Enschedese Boys is an amateur football club from the Dutch city Enschede. In 1965 the professional team of De Boys merged with their rivals Sportclub Enschede to FC Twente (both clubs continued in non-league football). Currently Enschedese Boys plays in the Vierde Klasse (8th tier in Dutch football).

== History ==
Enschedese Boys was founded on 20 April 1906 by a couple of teenagers under the name Lotisco. When the club joined the Twentsche Voetbalbond (FA of Twente) a year later, the name was changed to Excelsior. In 1910 the club would get its current name.

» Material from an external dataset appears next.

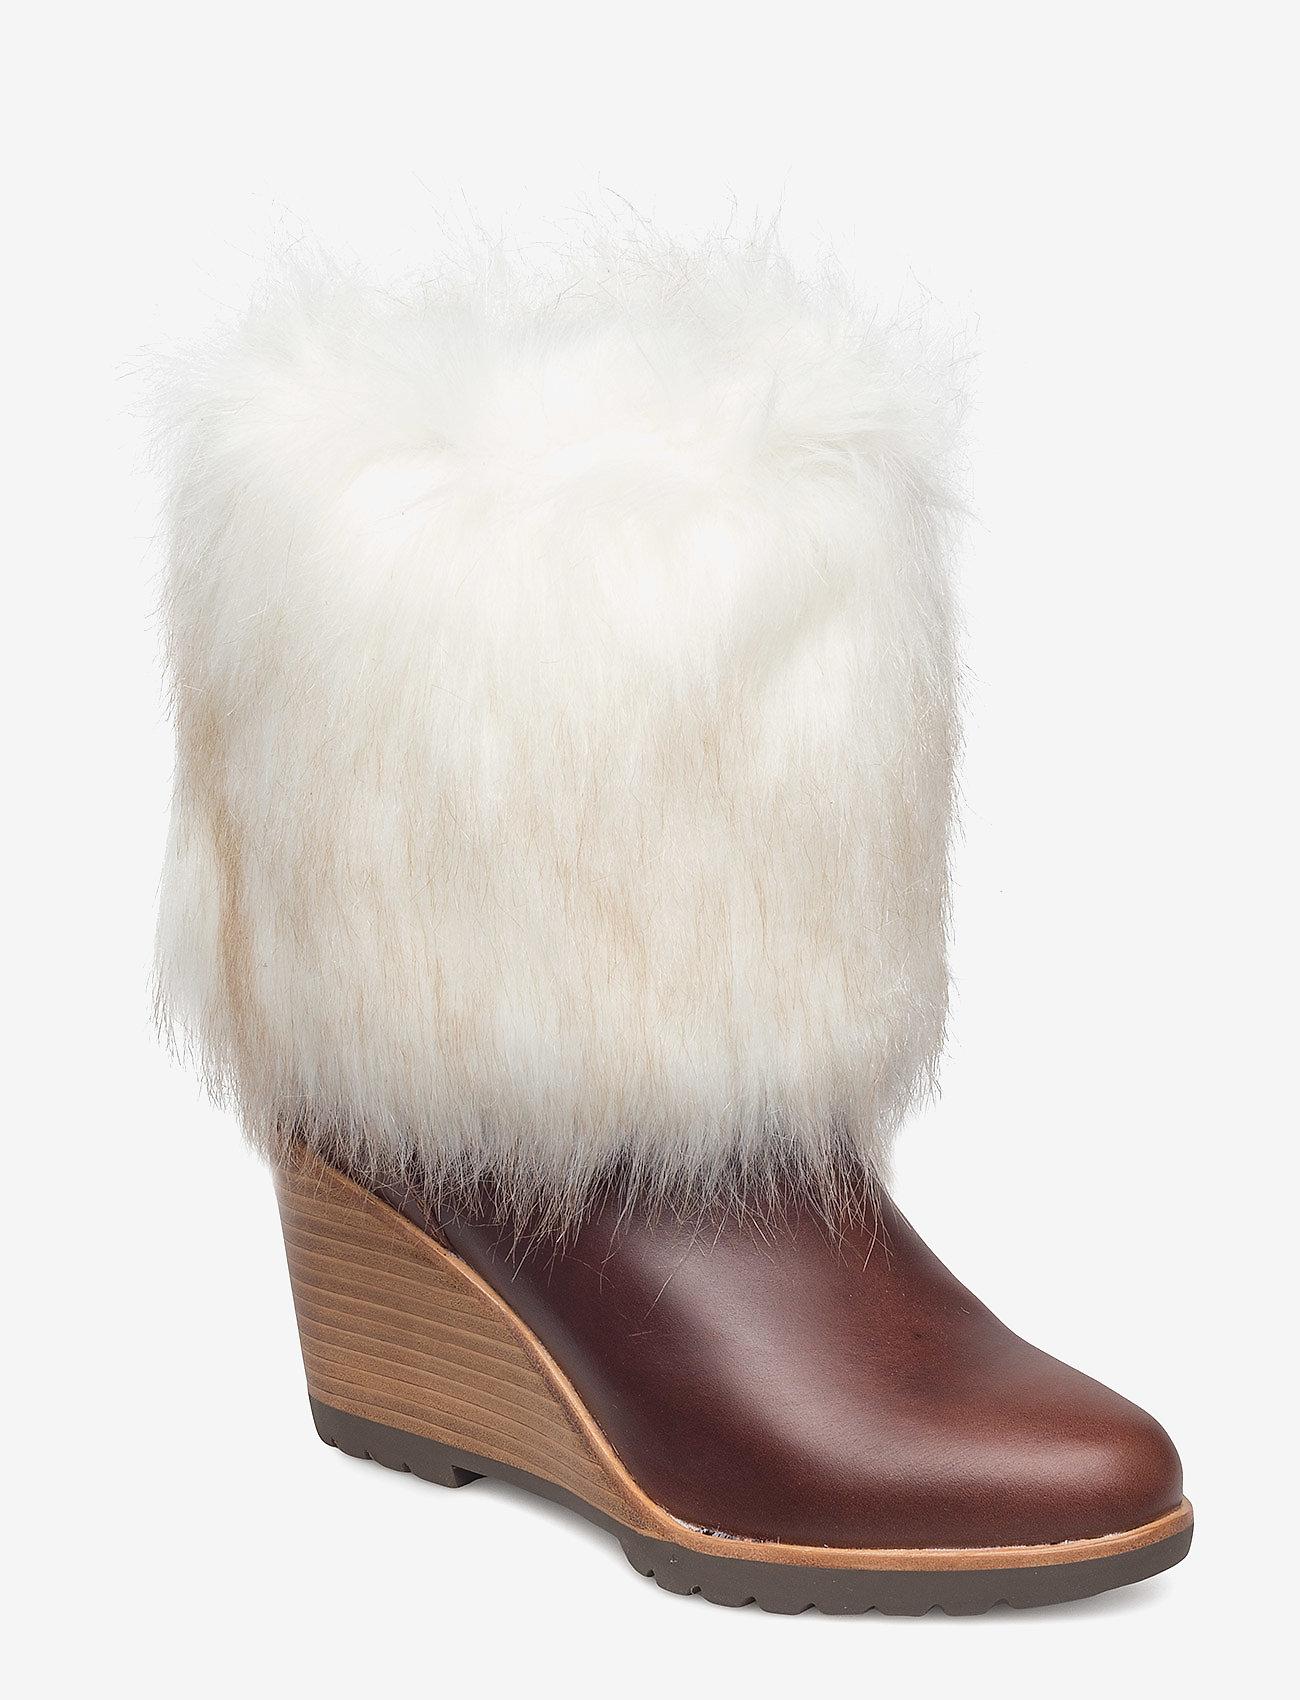 Sorel - PARK CITY SHORT - warm lined boots - elk - 1

Enschedese Boys soon became the most popular team under the working class of Enschede. The rivalry with SC Enschede (supported by the middle class and the owners of the factories) became one of the fiercest in the country. It is said that supporters of De Boys refused to wear black shoe strings, since black is the colour of Sportclub. Supporters of Sportclub never cooked the green soupe erwtensoep for the same reason. Until 1954 Dutch football was organized regionally (regional champions would play each other at the end of the season for the national championship), so the Enschede Derby was played every season. In season 1949/50 De Boys finally won the championship of the east, so they could play the other regional champions. However, in a poule with AFC Ajax, Blauw-Wit Amsterdam, sc Heerenveen, SV Limburgia and Maurits they ended last. The home game against Ajax resulted in a record attendance of over 25,000 spectators in the small Volksparkstadion.

When in 1954 professional football was introduced in the Netherlands and the regional system disappeared, Enschedese Boys had to start in the Tweede Divisie (3rd tier), while local rivals Sportclub and vv Rigtersbleek could start respectively in the Eredivisie (highest) and Eerste Divisie (2nd tier). In spite of popular players like Darius Dhlomo (a South African activist for the ANC and one of the first black players in the Netherlands) and Dutch superstar Abe Lenstra (bought from Sportclub in 1960) De Boys could not equal their successes of the amateur times. In season 1960/61, with captain Abe Lenstra, they did force a promotion to the Eerste Divisie. However, they never reached higher than the fourth place there. Since both De Boys and Sportclub had financial problems and the city Enschede only wanted to help one team, both clubs merged in 1965 to form FC Twente '65. Both clubs did continue in the Derde Klasse (amateur football).

Initially the move to non-league football went well for De Boys. Within nine years the highest amateur league (the Hoofdklasse) was reached. In season 1974/75 the club moved to their current ground Sportpark Wesselerbrink Zuid in the new south district of the city. In the early 1990s decline started, resulting in a current stay in the Vierde Klasse (8th tier).

There are plans for the near future to merge De Boys with neighbours UDI Enschede. However, no official statement has been given so far on this topic.